Re: [PATCH 2/2] string: improve strlen performance

From: Andy Shevchenko
Date: Thu May 02 2024 - 11:00:50 EST


On Thu, May 2, 2024 at 5:14 PM Hsin-Yu.Chen <harry021633@xxxxxxxxx> wrote:
>
> Port `strlen` in gcc,

This is the Linux kernel project. What does this mean?
Also note we refer to the function as strlen() (and no [back]quotes).

> which enhance performance over 10 times

>
> Please refer to these following articles
> 1. [Determine if a word has a byte less than n]
> (https://graphics.stanford.edu/~seander/bithacks.html#HasLessInWord)
> 2. [Determine if a word has a zero byte]
> (https://graphics.stanford.edu/~seander/bithacks.html#ZeroInWord)

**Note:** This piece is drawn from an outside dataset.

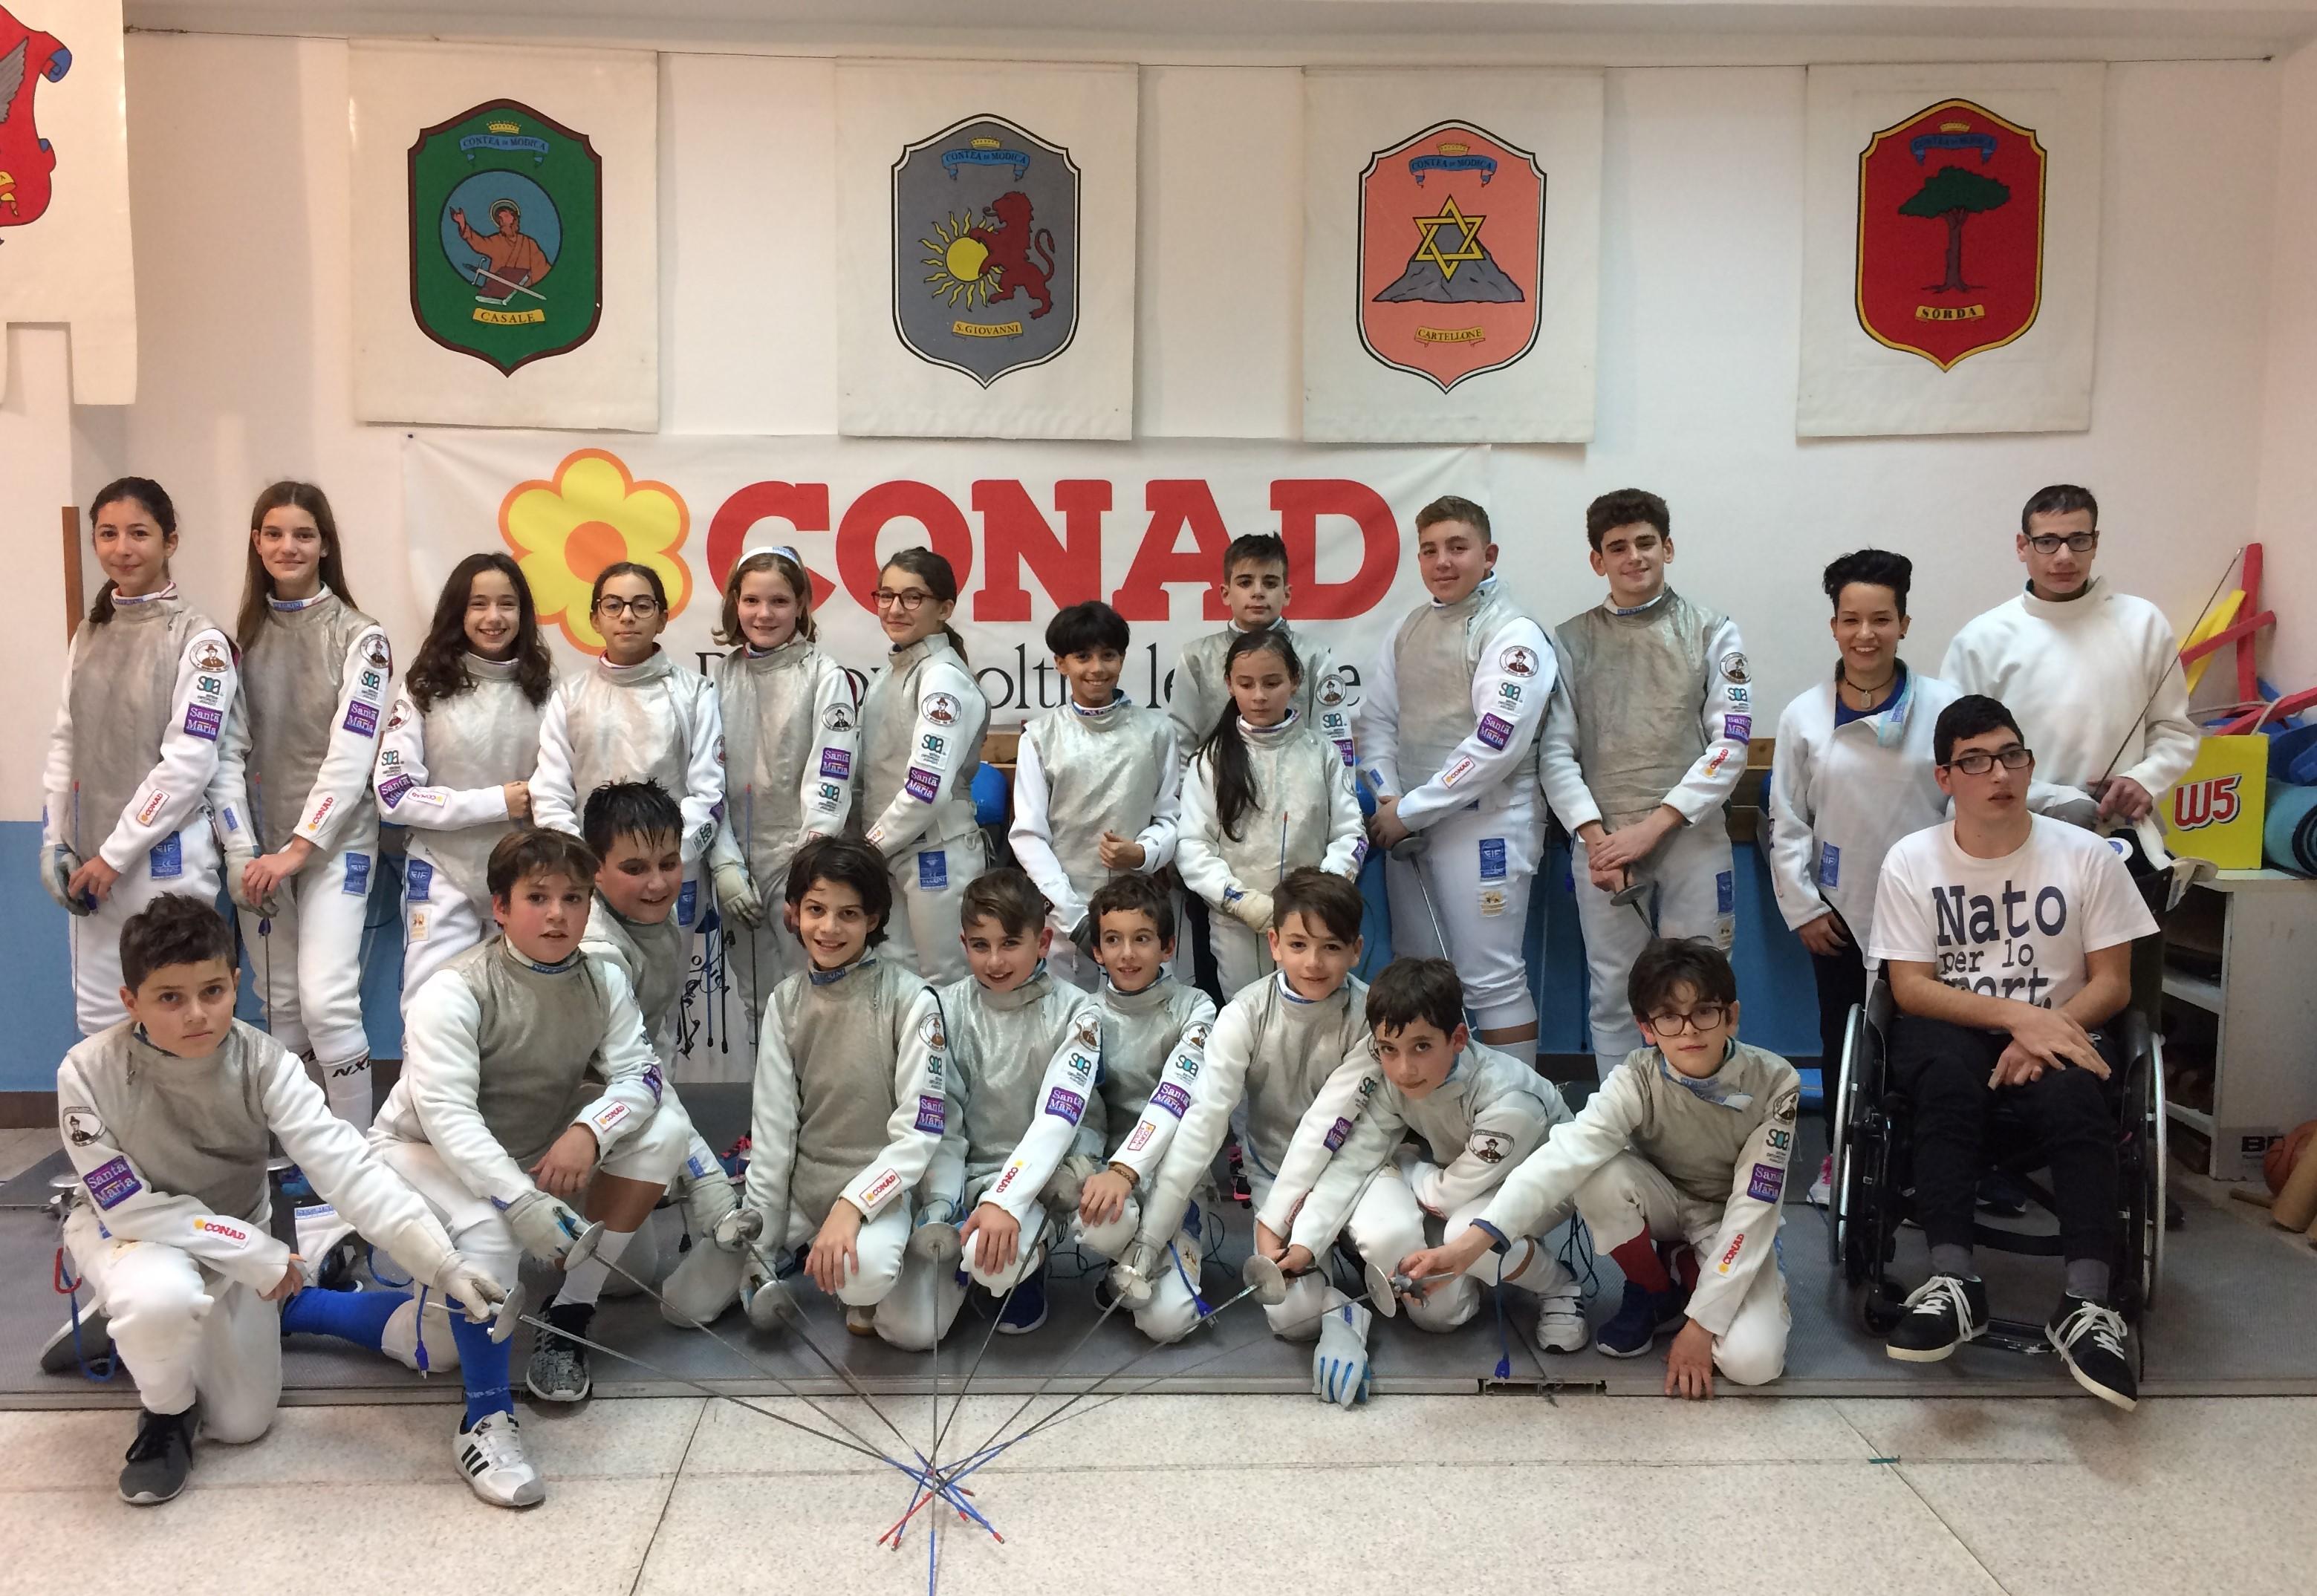 """Scherma Modica, ad Ancona il """"Grand prix Kinder + sport"""" di fioretto"""

Make these proper Link: tags

Link: URL#1 [1]
Link: URL#2 [2]

..

> - const char *sc;
> + const char *char_ptr;

No need to change the var name for this.

> + const unsigned long *longword_ptr;
> + unsigned long longword, himagic, lomagic;

Keep it in reversed xmas tree order.

..

> + /* Handle the first few characters by reading one character at a time.
> + * Do this until CHAR_PTR is aligned on a longword boundary.
> + */

/*
* This is the wrong comment style. You may
* use this example.
*/

..

> + for (char_ptr = s; ((unsigned long) char_ptr
> + & (sizeof(longword) - 1)) != 0;
> + ++char_ptr)

This is too verbose (too many unneeded symbols) and why pre-increment?
What is special about it?

..

> + /* All these elucidatory comments refer to 4-byte longwords,
> + * but the theory applies equally well to 8-byte longwords.
> + */

Use proper style.

> + longword_ptr = (unsigned long *) char_ptr;

No space after casting and why do you need it?

..

> + /* Bits 31, 24, 16, and 8 of this number are zero.
> + * Call these bits the "holes."
> + * Note that there is a hole just to the left of
> + * each byte, with an extra at the end:
> + * bits: 01111110 11111110 11111110 11111111
> + * bytes: AAAAAAAA BBBBBBBB CCCCCCCC DDDDDDDD
> + * The 1-bits make sure that carries propagate to the next 0-bit.
> + * The 0-bits provide holes for carries to fall into.
> + */

Use proper style.

..

> + /* 64-bit version of the magic. */
> + /* Do the shift in two steps to avoid a warning if long has 32 bits.
> + */

Ditto.

..

> + if (sizeof(longword) > 8)
> + abort();

Huh?!

..

> + /* Instead of the traditional loop which tests each character,
> + * we will test a longword at a time. The tricky part is testing
> + * if *any of the four* bytes in the longword in question are zero.
> + */

Proper style, please.

..

> + for (;;) {
> + longword = *longword_ptr++;
> + if (((longword - lomagic) & ~longword & himagic) != 0) {
> +
> + /* Which of the bytes was the zero?
> + * If none of them were, it was a misfire; continue the search.
> + */
> + const char *cp = (const char *) (longword_ptr - 1);

> + if (cp[0] == 0)
> + return cp - s;
> + else if (cp[1] == 0)
> + return cp - s + 1;
> + else if (cp[2] == 0)
> + return cp - s + 2;
> + else if (cp[3] == 0)
> + return cp - s + 3;

> + if (sizeof(longword) > 4) {

if (... <= 4)
continue;

> + if (cp[4] == 0)
> + return cp - s + 4;
> + else if (cp[5] == 0)
> + return cp - s + 5;
> + else if (cp[6] == 0)
> + return cp - s + 6;
> + else if (cp[7] == 0)
> + return cp - s + 7;

A lot of redundant 'else':s.

> + }
> + }
> + }

--
With Best Regards,
Andy Shevchenko